• Your goal
Each line of the listing, apart from the pictures, is to be printed exactly.

• Dataset section
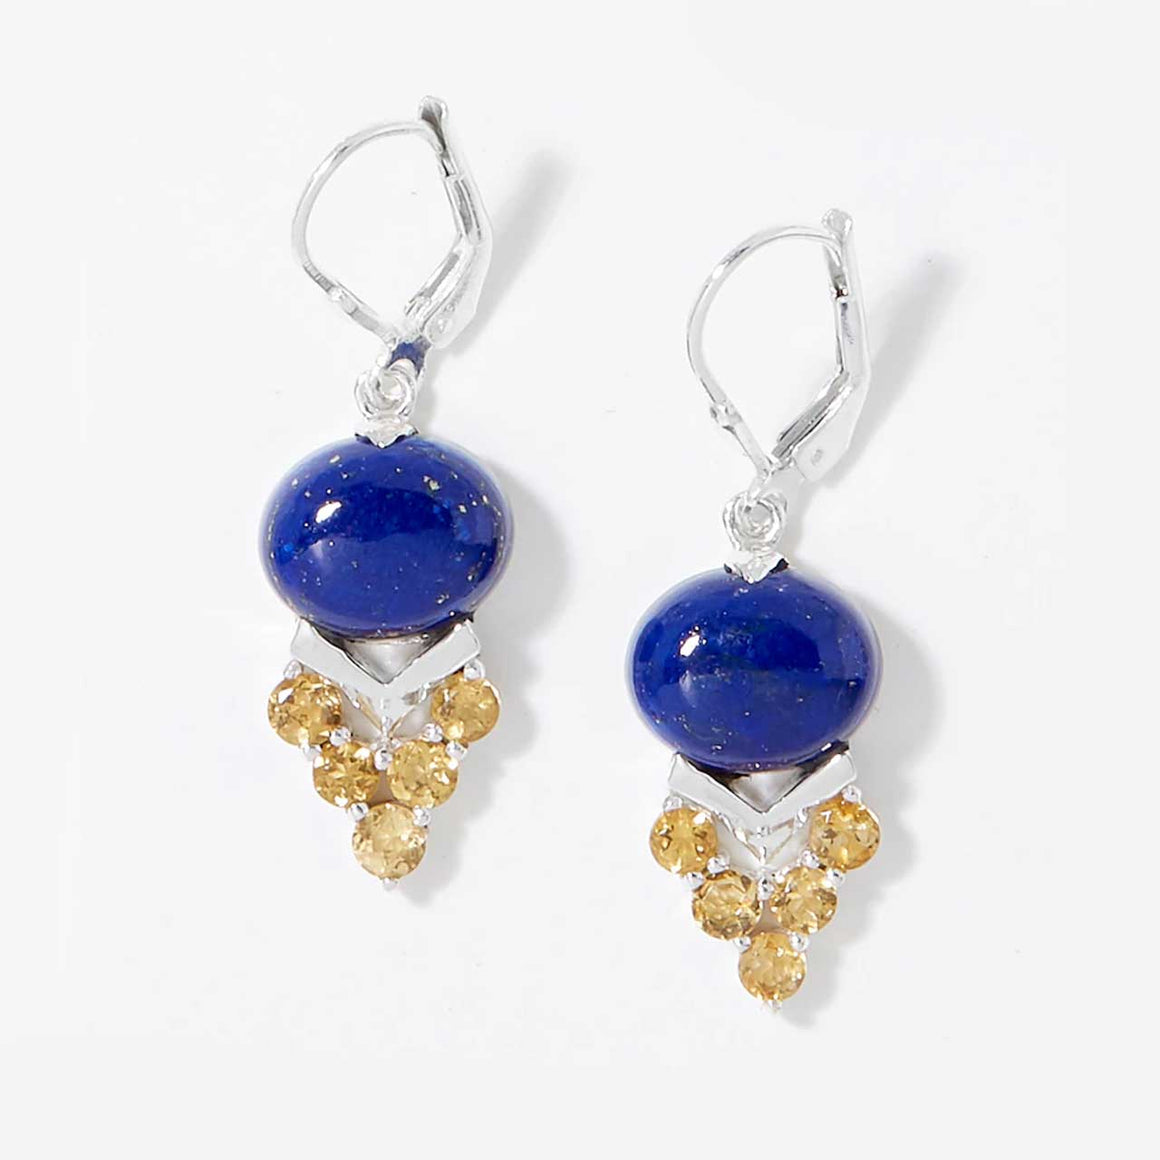 Lapis and Citrine Earrings
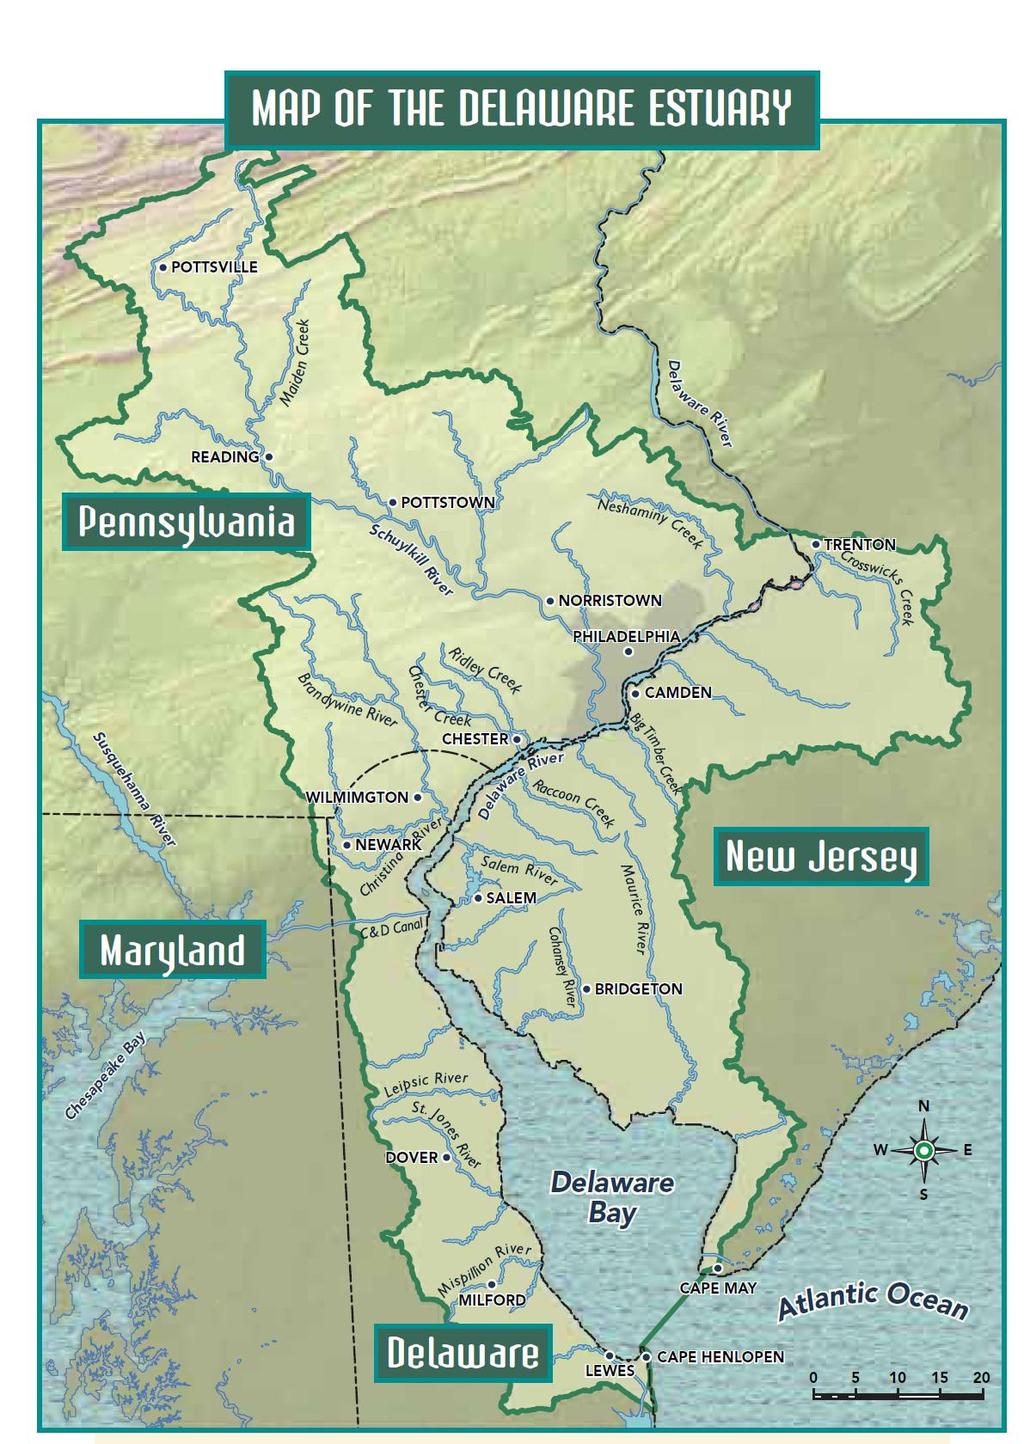 Enormous watershed nearly 6,500 square miles Historically home to 12-14 freshwater mussel species but only
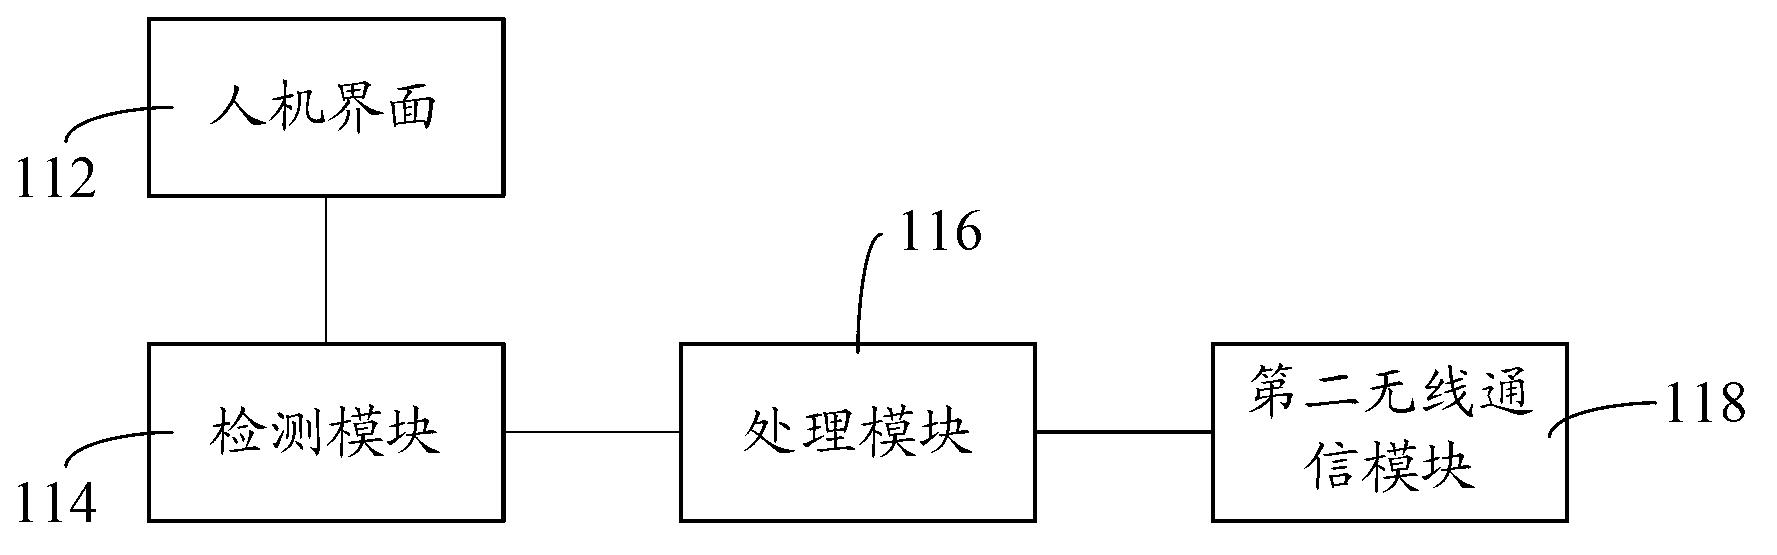 Kitchen appliance function expanding system

• Solution to the problem
 Lapis and Citrine Earrings
 Enormous watershed nearly 6,500 square miles Historically home to 12-14 freshwater mussel species but only
 Kitchen appliance function expanding system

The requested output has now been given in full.